I use awk for lots of things, including running simple nomerical models since its results are totally portable between OSes etc for my purposes.

And I learnt a new thing from this article, even though I have been using awk for decades... Functions. Yep!


Yep, functions! I used to write a fair amount of Awk code back in the late '80s and early '90s. I treated Awk as a "real" programming language and tried to make the code nice and readable. This of course involved a lot of use of functions.

I only have a couple of surviving examples of the code from back then, but here they are for the curious:

https://github.com/geary/awk

LJPII.AWK is probably the best example. It made a nicely formatted printout of source code on my HP LaserJet II printer. I wish I had one of the printouts it generated, but they are long gone.

Hmm... I wonder if my Brother printer supports the old LaserJet II control codes?

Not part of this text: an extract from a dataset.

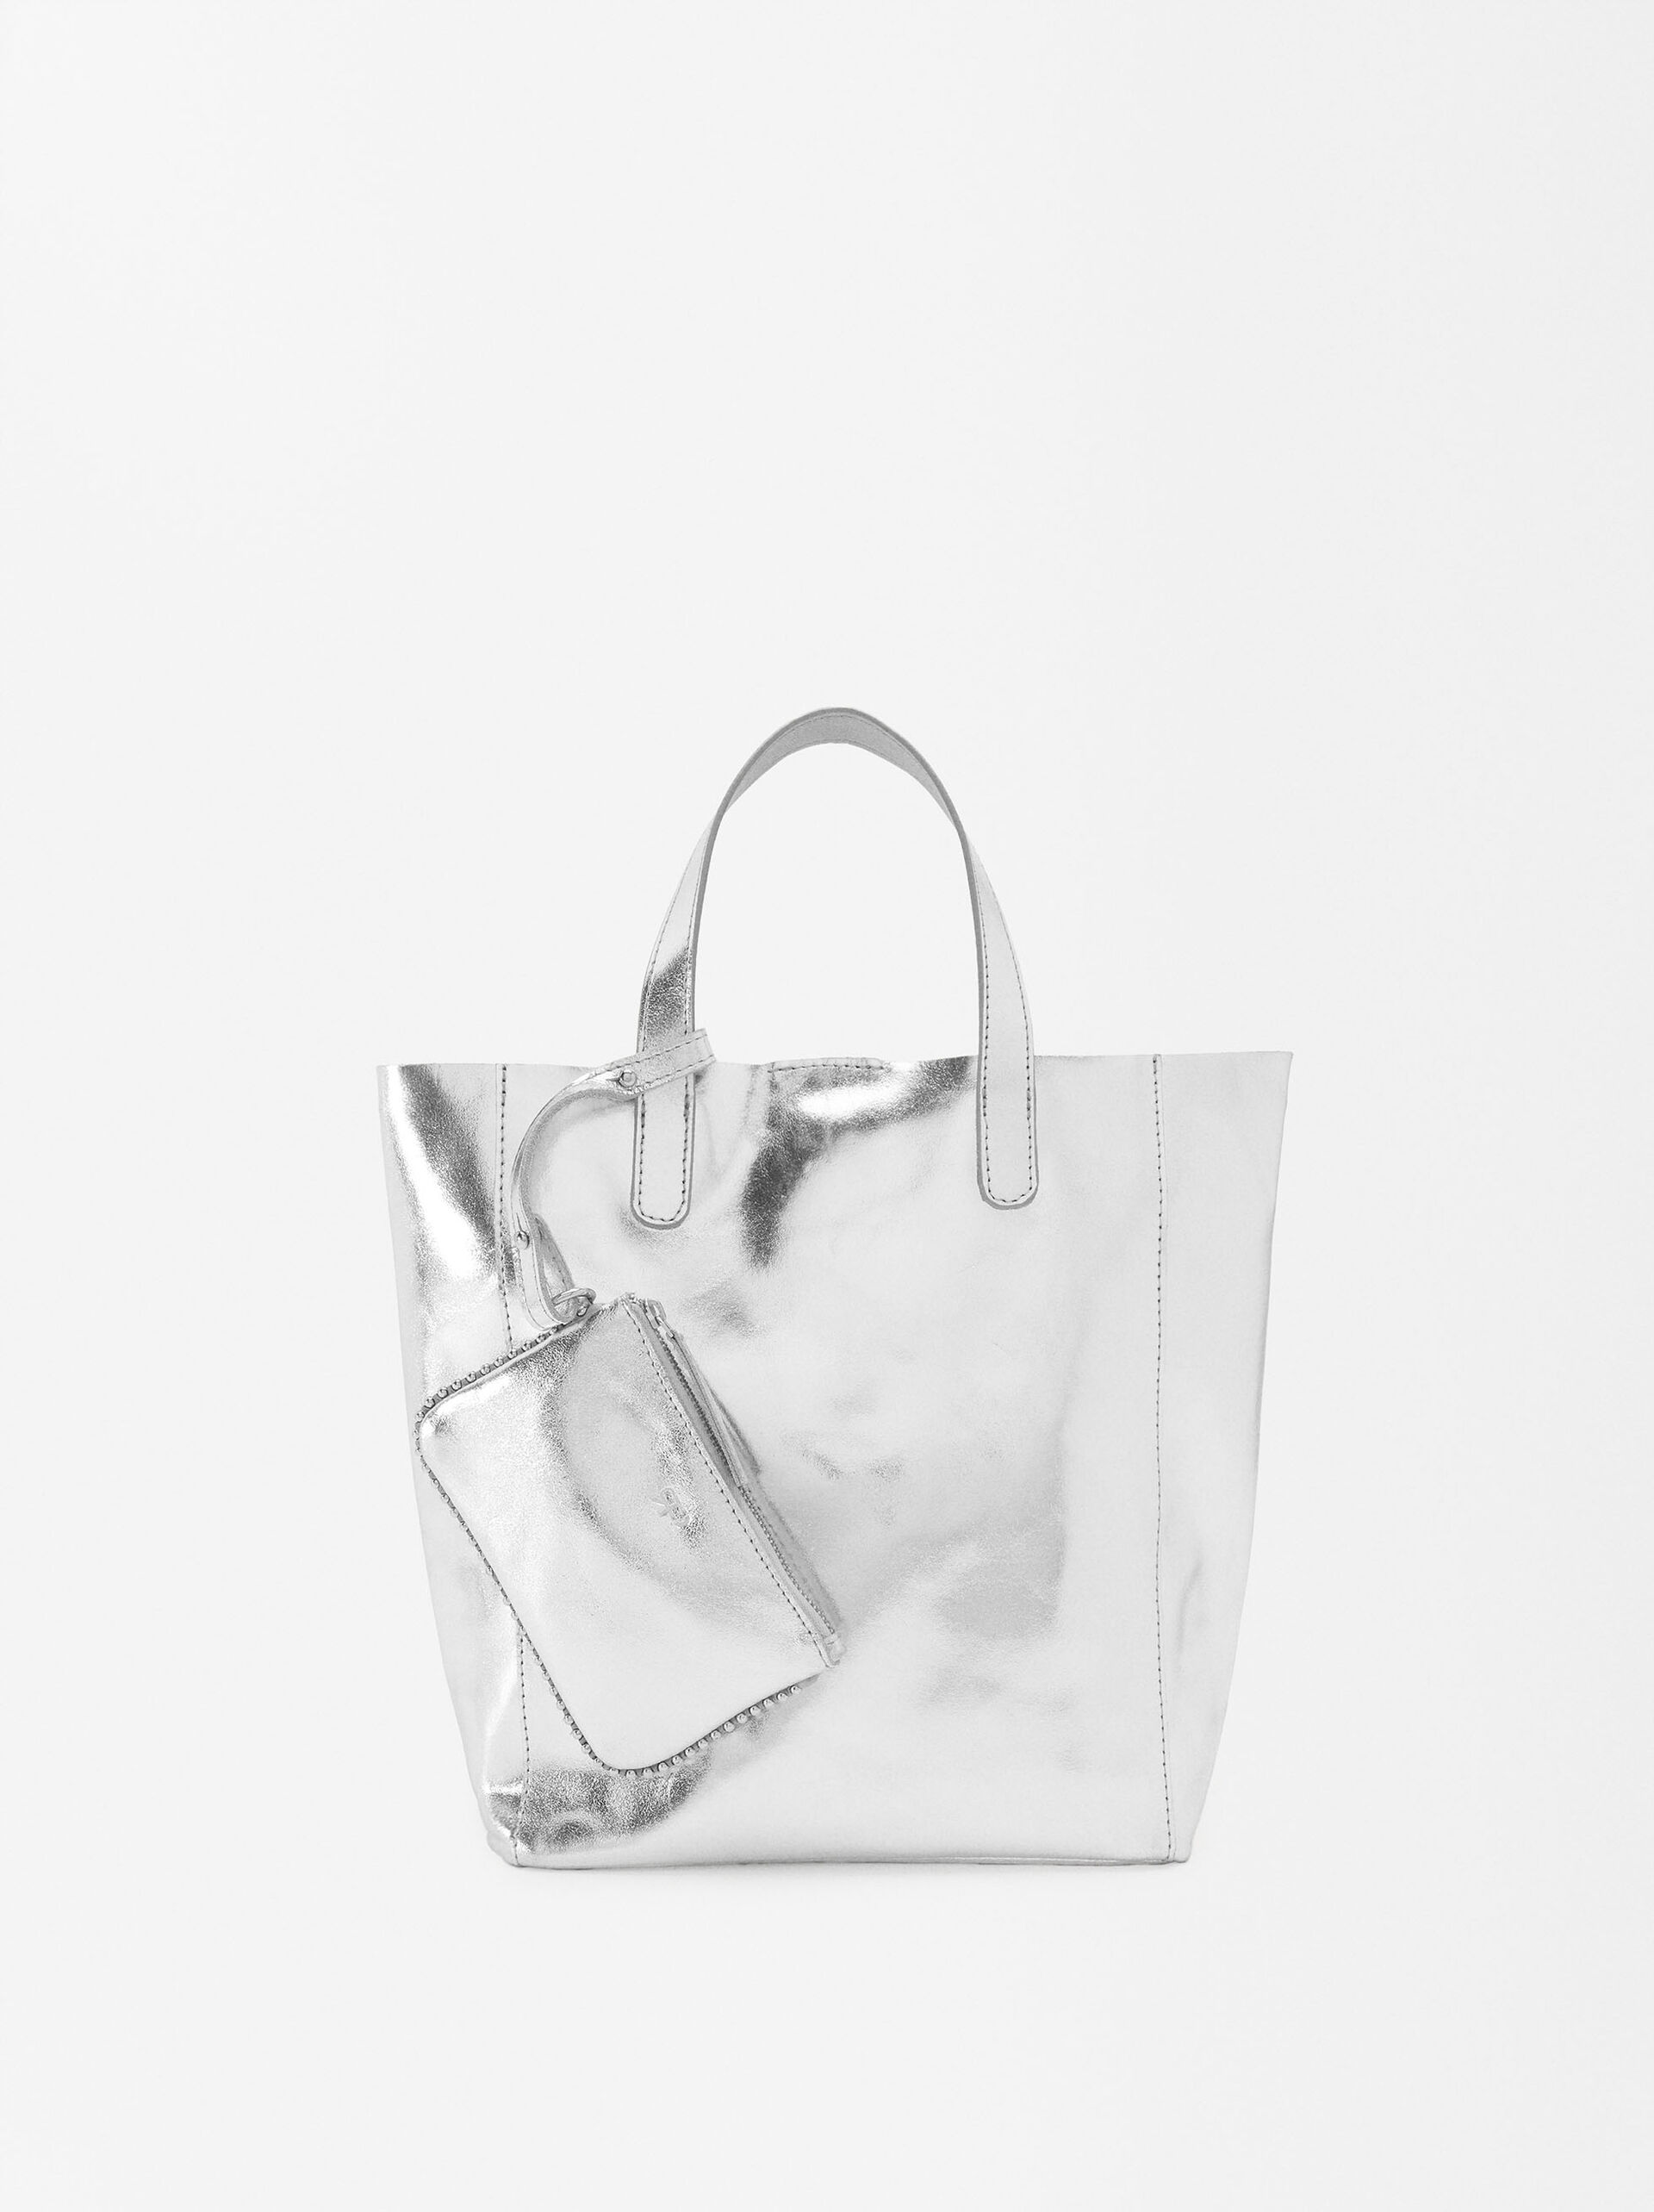 Metallic Leather Shopper Bag - Limited Edition image number 2.0

Or maybe there is an emulator online?

The code was written for Thompson Awk (TAWK), so some bits would need to be adapted to modern Awks.


Oooooooo, that's how functions should be done.

Here's a recent one of mine (albeit as usual embedded in a /bin/sh script) that I should try to functionify!

https://www.earth.org.uk/script/BibTeX-to-HTML.sh

Thanks!


You can check if the Brother printer supports PCL which it likely does. Somewhere online will be an explanation of the differences between gnu awk and the version you used.


JIT-compiled Awk in Rust

https://github.com/ezrosent/frawk


Discussed 11 months ago:

https://news.ycombinator.com/item?id=30343373 (38 comments)

I wish this "AWK-like language" came with performance benchmark comparisons.

Edit: Thank you, benhoyt!


It has very detailed benchmarks (the "Benchmarks" link in the README): https://github.com/ezrosent/frawk/blob/master/info/performan...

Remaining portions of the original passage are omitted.